LLVM for JavaScript
Filip Pizlo
Apple

@filpizlo

Abstract

Dynamic languages have exploded in popularity, and are increasingly being used for high-performance applications. Many projects have sprung up attempting to write compilers for these languages. Lower-level languages, like C, already have well-engineered compilers that can generate fast code. This begs the question: can we reuse existing C compiler infrastructures to generate good code for a dynamic language? I’ll dive into the engineering of the WebKit Fourth-Tier LLVM (FTL) JIT compiler, a production-strength compiler for JavaScript that uses the LLVM C compiler optimization pipeline and backend. At the outset, LLVM had no prior support for JavaScript semantics or even a way to represent a dynamic type, nor did it have support for self-modifying code or on-stack replacement. Bridging the gap between JavaScript and LLVM required adding new dynamism features to LLVM as well as carefully architecting WebKit’s side of the compiler pipeline, runtime, and garbage collector to fit with LLVM’s constraints.
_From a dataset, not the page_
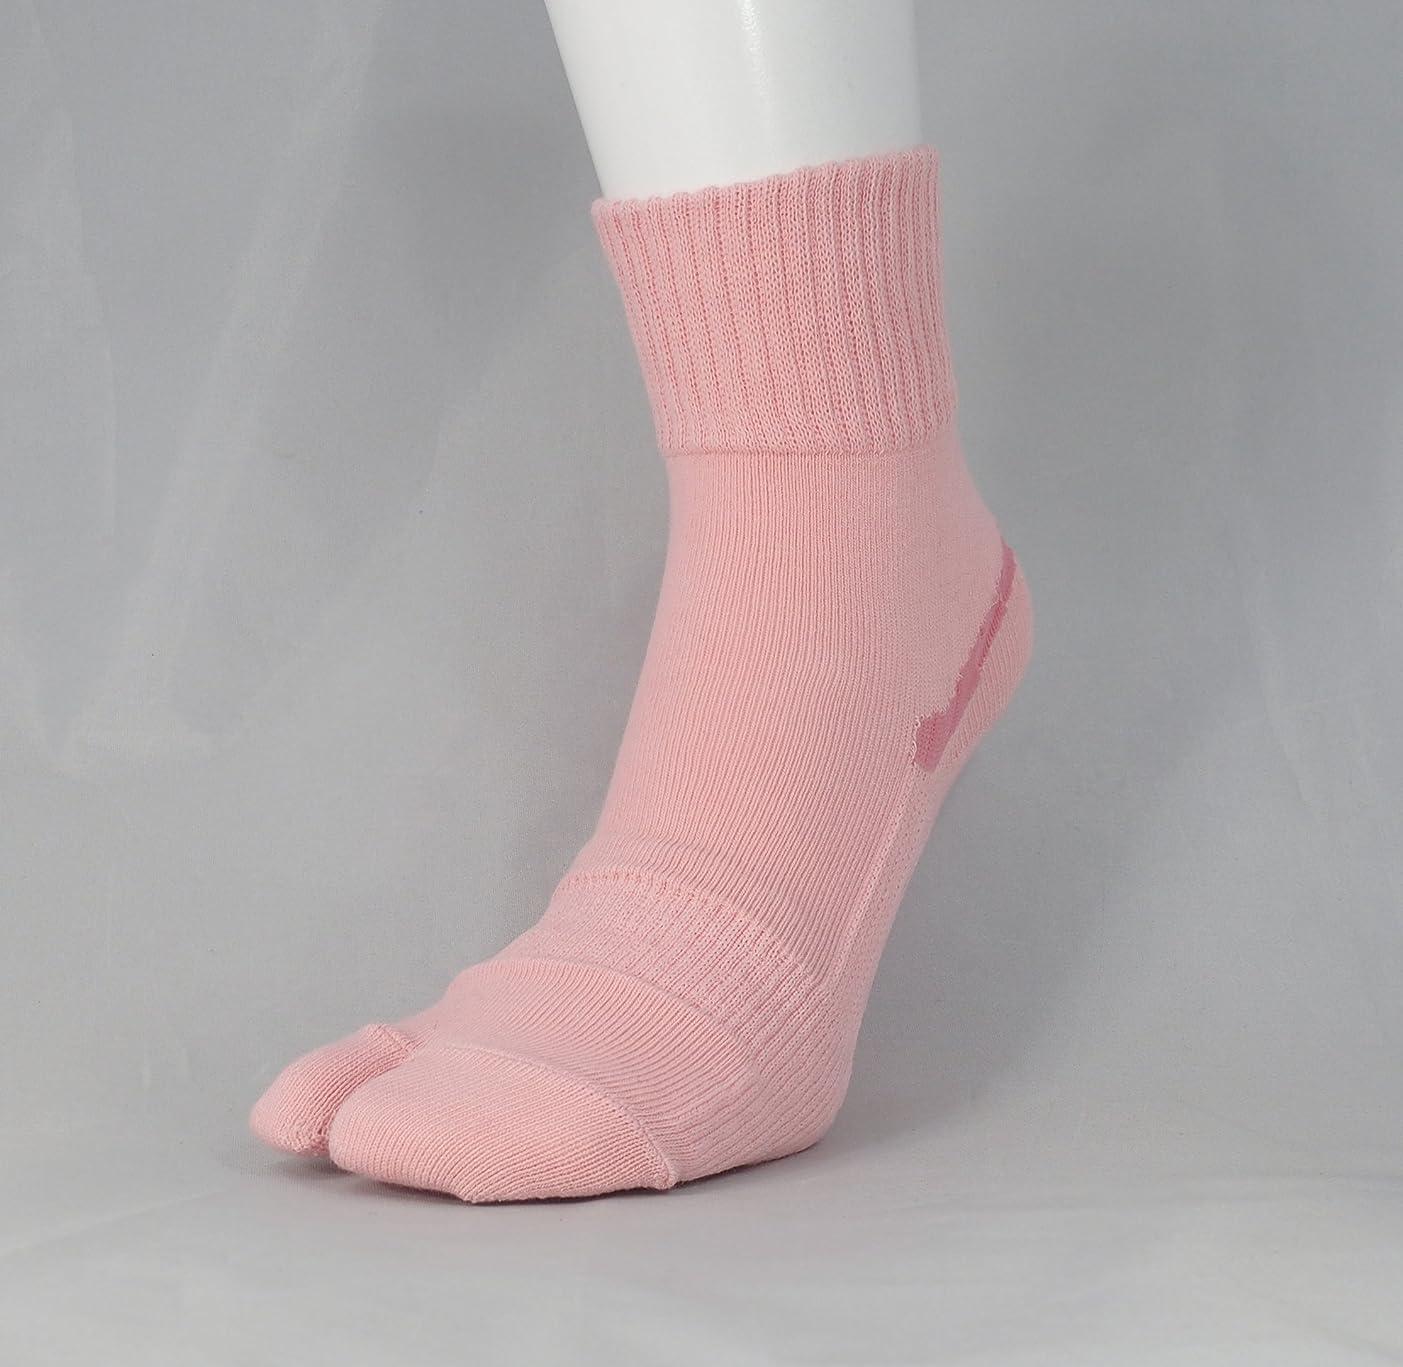 嫉妬実施するびん【あしサポ】履くだけで足がラクにひらく靴下 外反母趾に (Mサイズ(23-24センチ), ピンク)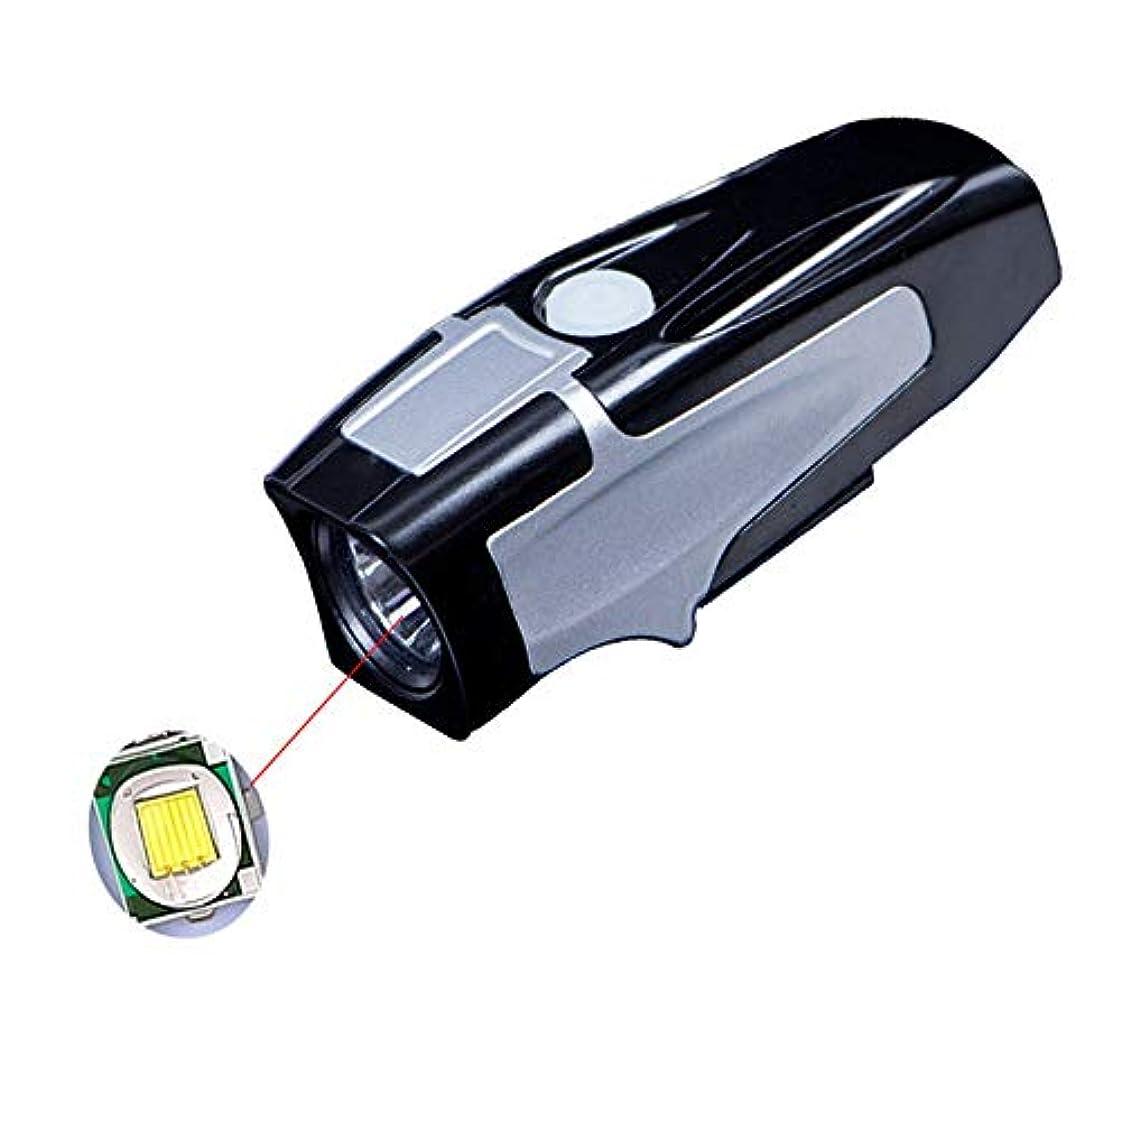 腹痛流行式USB の充電式自転車のヘッドライト、極度の明るい導かれたライトは夜に880の内腔のアルミニウム防水安全なサイクリングを取付けること容易に

Three aspects of FTL will be covered: mostly-accurate garbage collection, new LLVM features for self-modifying code, and the FTL front-end compilation pipeline.

Bio

Filip works on compilers and language runtime systems at Apple and in particular on the WebKit open source project. He is ever finishing his PhD in computer science at the S3 Lab at Purdue University. His research interests include memory management (specifically, garbage collection), real-time systems, concurrency, programming languages and compilers. Most of his research has involved various Java virtual machines, including Jikes RVM, Ovm, and Fiji VM. He was variously on the core team of all three. These days most of his work involves WebKit’s excellent JavaScript engine, which is called JavaScriptCore, mostly on the optimizing just-in-time (JIT) compiler and its dynamic type inference engine, but also the interpreter, object model, and garbage collector. He also sometimes commit things to LLVM.